Начало второго периода при подаче «бразерхудов» пролило немного бальзама на души пимовцев. То ли Игристое помпанское, то ли жара («Думаю, вы были правы насчет грозы», — признала мисс Партон) подействовали на бэтсменов противника, но меткость и энергия их снизились по сравнению с предыдущим периодом. Лишь один игрок по-прежнему оставался опасным — высокий мужчина с суровым лицом, жилистыми запястьями и йоркширским акцентом, которого, казалось, не страшила никакая подача и который имел неприятную привычку силовыми приемами прорываться через любые просветы на поле. Этот несносный человек с мрачным спокойствием довел счет до пятидесяти восьми под бешеные аплодисменты своих болельщиков. Устрашающим был не только счет набранных им очков, но и атмосфера крайней усталости, воцарившаяся на поле.
— У меня уже… кажется… никаких сил не осталось… — задыхаясь, бросил мистер Инглби, пробегая мимо Гарретта на обратном пути, после бешеного галопа к границе поля, — а этот гад выглядит так, будто готов играть до самого Рождества.
— Слушайте, Толбой, — сказал Бредон, когда они пересеклись в следующем овере, — следите за тем толстым коротышкой на другом конце поля. Он уже на взводе. Если этот йоркширский грубиян будет выматывать его подобным образом и дальше, что-то должно случиться.
И действительно случилось. В следующем овере. Слоггер[83] нанес сокрушительный удар, чуть высоковатый, но почти гарантированно тянувший на три очка, и рванул вперед. Толстяк галопом помчался за ним. Мяч летел над газоном, а Толбой летел ему наперерез.
— Давай! — гаркнул йоркширец, который уже в третий раз добегал до середины питча.
Но толстяк выдохся. Оглянувшись, он увидел, что Толбой наклонился к мячу.
— Нет! — крикнул он и обреченно замер.
Его напарник, видя, что происходит, вмиг развернулся. Толбой, не обращая внимания на отчаянные сигналы Хаагердона и Гарретта, воодушевился. Он отбил мяч не Гарретту, а прямехонько в незащищенную калитку. Мяч просвистел в воздухе и повалил пеньки[84] йоркширца, когда тот был еще в ярде от криза, между тем как бэтсмен в инстинктивном стремлении прикрыть голову отшвырнул биту и распластался на земле.
— О, здорово! — возликовал старый Бразерхуд. — Отлично сыграно, сэр, отлично!
— Он прекрасно выбрал цель, — сказала мисс Росситер.
— Что с вами, Бредон? — спросил Инглби, когда команда с благодарным чувством стояла посреди питча в ожидании смены игрока. — Вы прямо побелели.
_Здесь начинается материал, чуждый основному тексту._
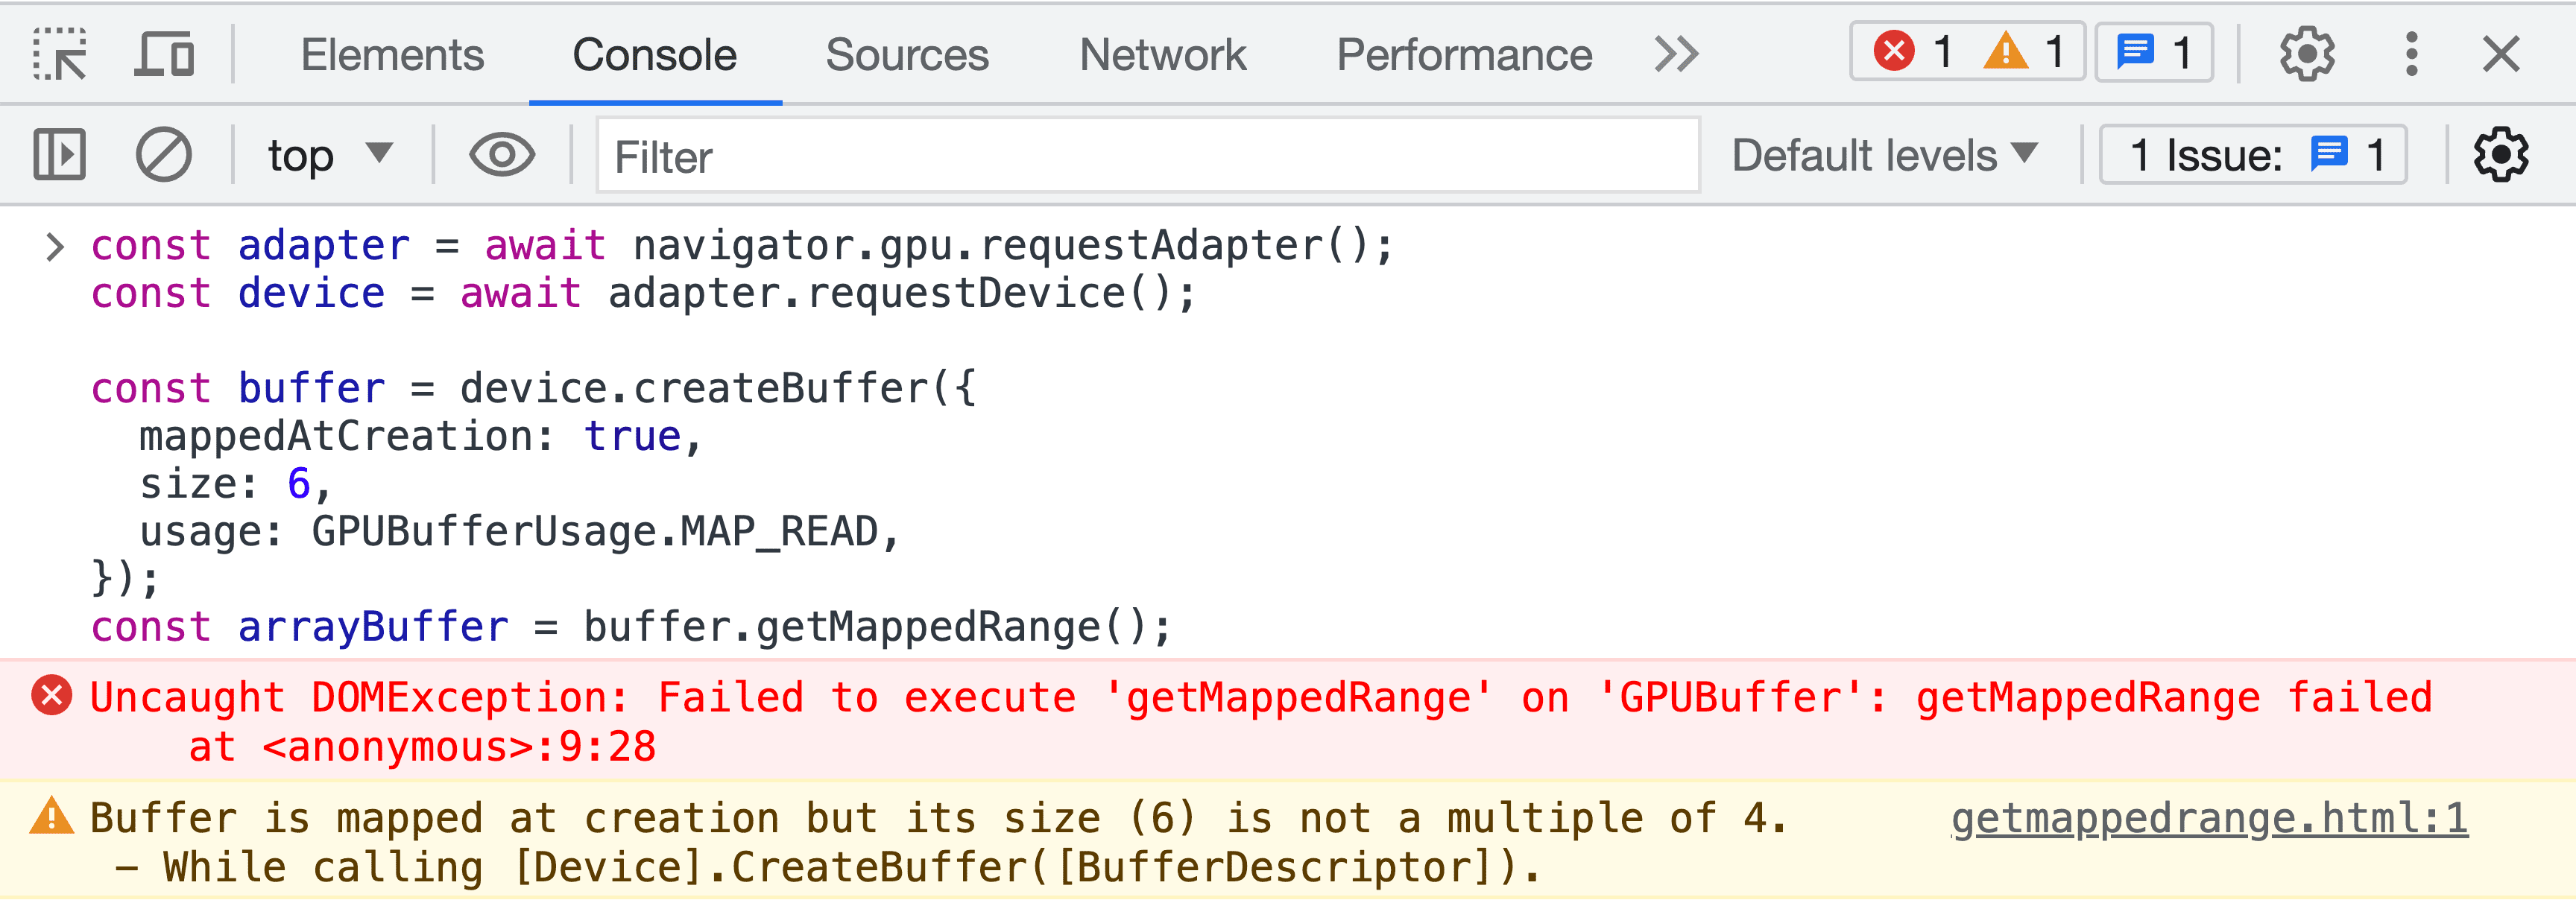 צילום מסך של לוח JavaScript של כלי פיתוח, הכולל הודעת שגיאה של אימות מאגר נתונים זמני.
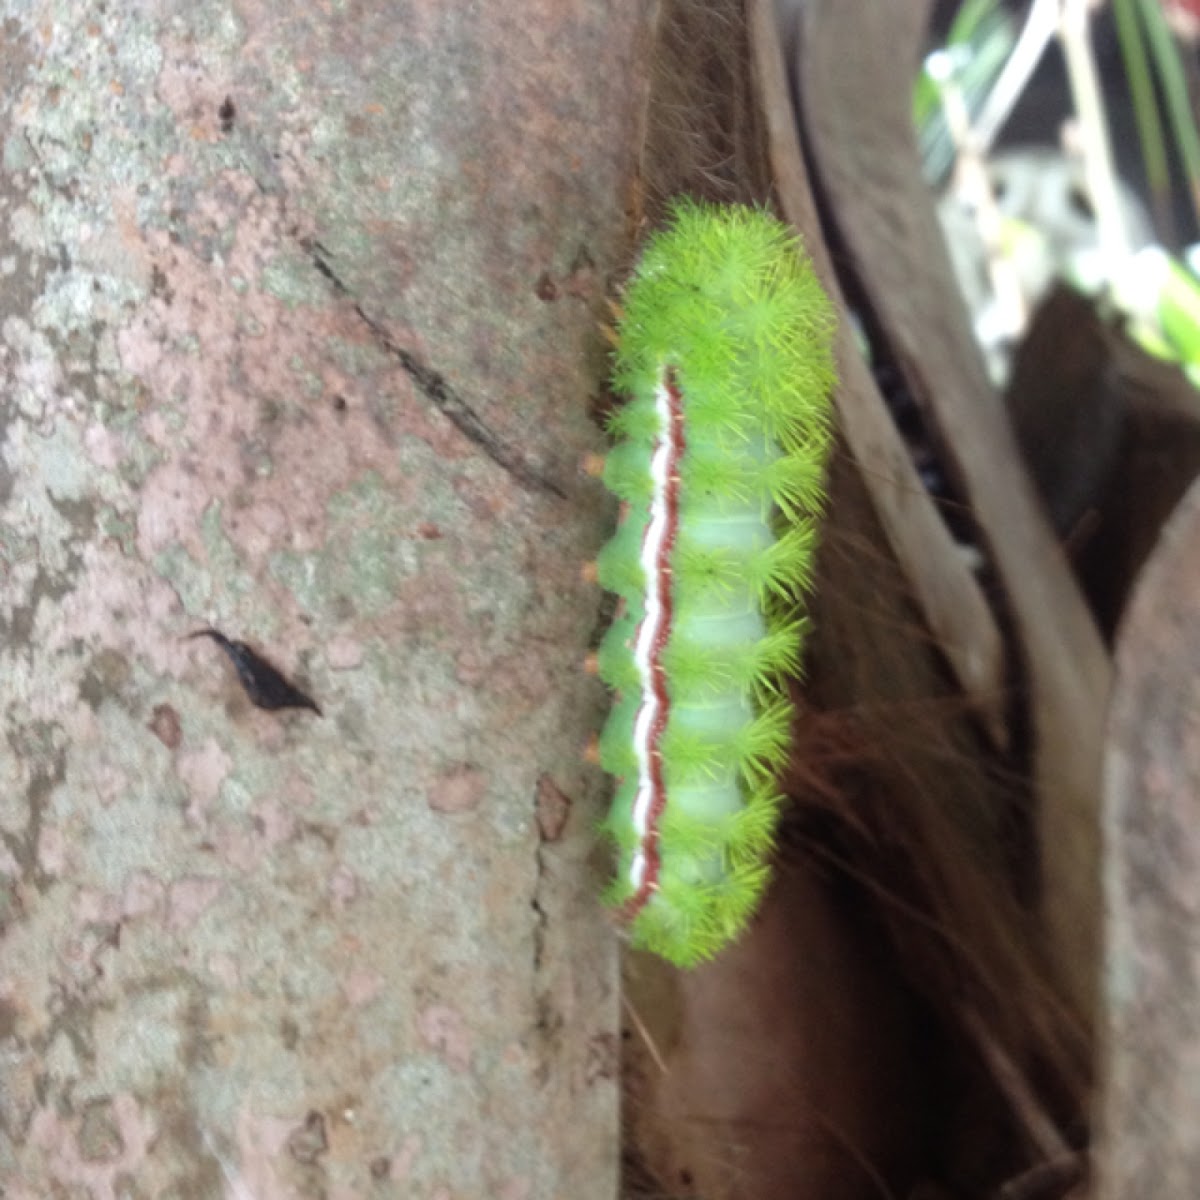 Io caterpillar

Солнечный удар?
— Слишком яркий свет, — ответил Бредон.
— Расслабьтесь, — посоветовал Инглби. Теперь у нас с ними особых хлопот не будет. Толбой — герой. Да сопутствует ему удача!
Мистер Бредон почувствовал легкий приступ дурноты.
Последовавшие комбинации «бразерхудов» выдающихся достижений им не принесли, и команда с трудом наскребла сто четырнадцать очков. В четыре часа мистер Толбой, поставивший перед собой грандиозную цель заработать сто семьдесят одно очко, чтобы одержать победу, снова проигнорировал своего бэтсмена и пылко атаковал калитку противника.
В пять тридцать задача все еще казалась осуществимой, четыре калитки пали, принеся команде семьдесят девять очков. Потом мистер Толбой, предприняв попытку совершить пробежку там, где, казалось, никто бы не смог пробежать, завершил свой период пребывания на поле, заработав седьмую подачу, но сразу после него мускулистый мистер Пинчли, несмотря на яростные призывы капитана быть осторожней, прицельно срезал свой первый мяч прямо в руки принимающего игрока. Началась полоса неудач. Мистер Миллер добросовестно блокировал удары на протяжении двух оверов, пока мистер Бизли, с огромным трудом добавив к счету шесть очков, не позволил противнику — мастеру крученых ударов — сбить правый пенек своей калитки. С девяносто двумя очками, тремя касаниями мяча рукой — в том числе благонамеренным, но неадекватным мистером Хаагердоном, — да еще парой штрафных поражение казалось неминуемым.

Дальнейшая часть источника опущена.